Plant DNA Holds Virus Fossils From 300M Years Of Evolution

INRAE - National Research Institute for Agriculture, Food and Environment

Is it possible to study the history of viruses that emerged several hundred million years ago? An international team of INRAE and CIRAD researchers answered this intriguing question by exploring plant genomes to find the molecular fossils of viruses.

During infections, genome fragments from certain viruses can become embedded in their hosts' chromosomes. It is possible for these endogenous viral elements to be intergenerationally transmitted for millions of years, which means they serve as precious evolutionary records of virus infections in plants.

The research team focused on the plant virus family Caulimoviridae, whose members are known for becoming embedded in host genomes as evolutionarily persistent endogenous elements.
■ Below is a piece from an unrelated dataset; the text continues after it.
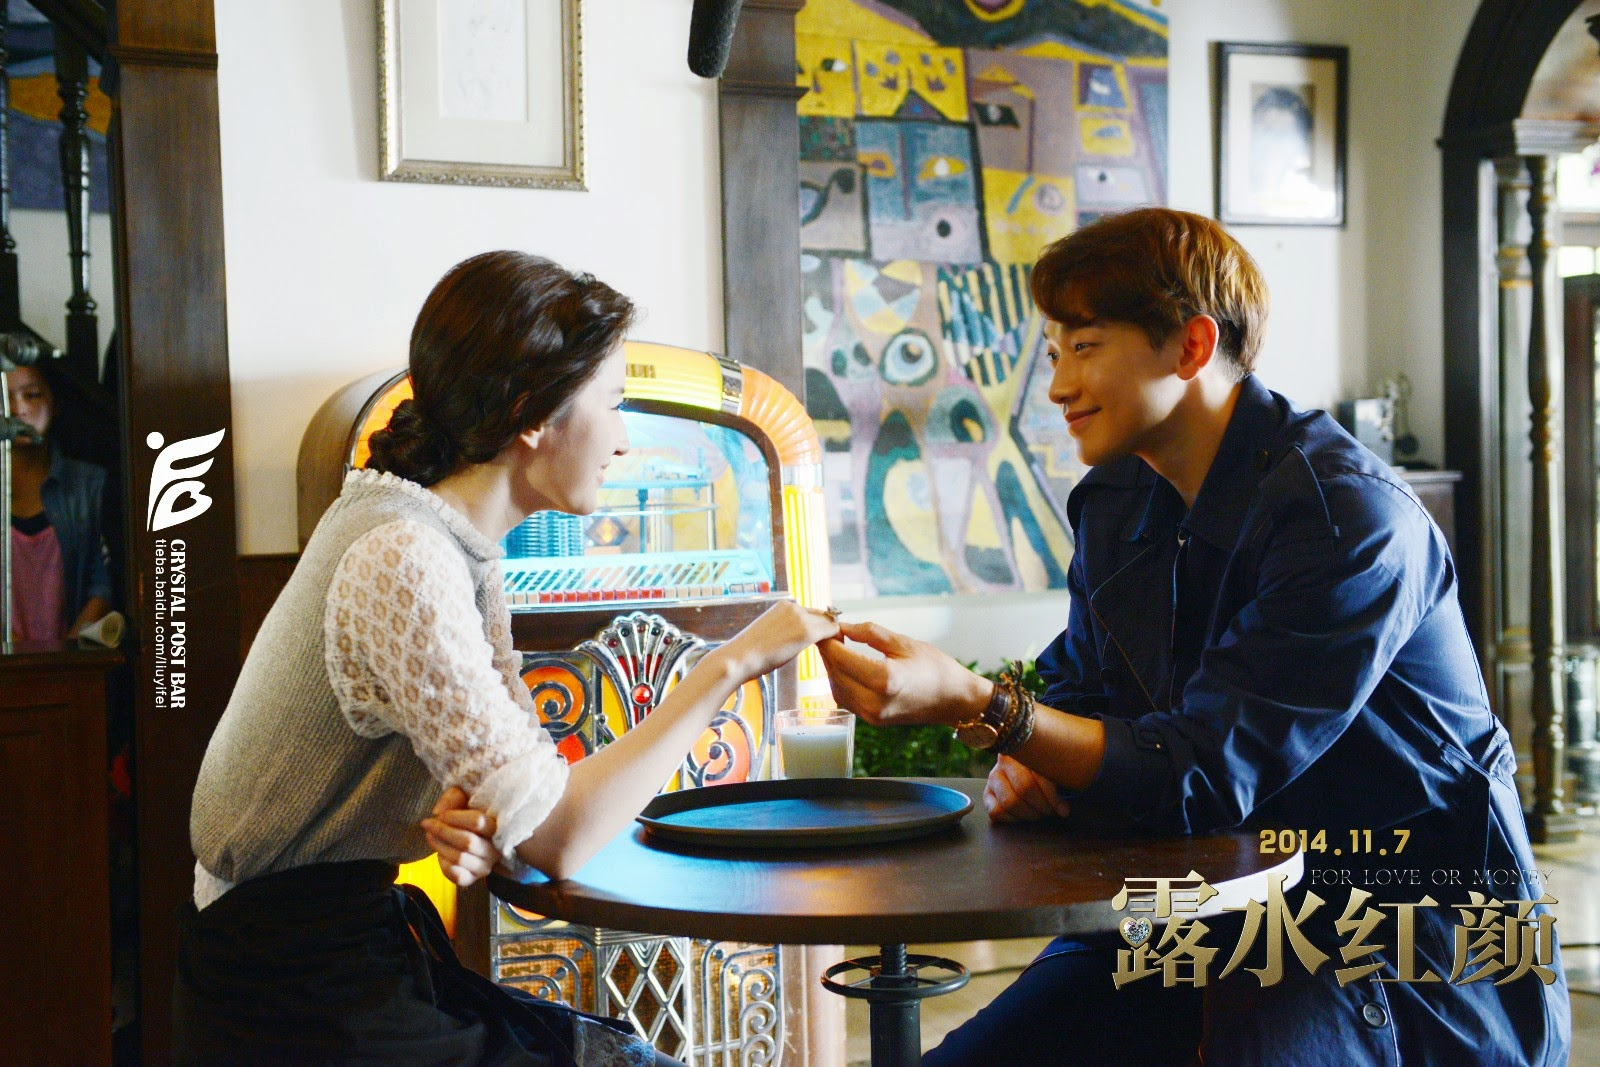 Rain 中国映画 露水紅顔_c0047605_812385.jpg

The researchers analysed the genomes of 93 representative species from all the major lineages of terrestrial plants, including mosses, lycophytes [1] , ferns, conifers, and flowering plants. They were then able to identify more than 47,000 endogenous viral elements left by members of Caulimoviridae. The findings show that Caulimoviridae viruses have infected an extremely wide range of vascular plant hosts, from lycophytes to flowering plants. The researchers also discovered that virus diversity within this family has been greatly underestimated. Their work revealed the existence of 35 previously undescribed taxonomic clusters in Caulimoviridae, including a newly described clade found only in certain conifers.

When the researchers compared the evolutionary history of Caulimoviridae viruses to that of their plant hosts, they found that several virus taxonomic clusters appeared to have co-evolved with vascular plants for several hundred million years. However, this extremely long relationship was not always linear. Instead, their shared history was complex: sometimes viruses switched hosts, and sometimes they went extinct. Several of these extinction events may have been tied to the mass extinction events that completely transformed life on Earth, notably the mass extinctions during the late Permian (252 million years ago) and the late Cretaceous (66 million years ago). These events completely reshaped terrestrial ecosystems, leading to the disappearance of a large number of species and the creation of new ecological niches, which could be occupied by new viruses.

This work has underscored the great value of plant genomes as natural records of virus evolution. Researchers can utilise the traces left behind by ancient infections to shine light on the enduring interactions between plants and their viruses and on the ways in which viruses mechanistically adapt to ecosystem shifts.


[1] Lycophytes appeared approximately 420 million years ago and are the most ancient vascular plant taxon still in existence. In ancient times, they formed enormous forests and had highly diverse forms. There were even tree-like species that reached over 30 metres in height. These large lycophytes ended up disappearing because of mass extinction events and competition with other plant taxa. Today, only the herbaceous lycophytes remain, which are no more than a few centimetres tall. Current-day lycophytes are used as model systems for studying the evolution of terrestrial plants.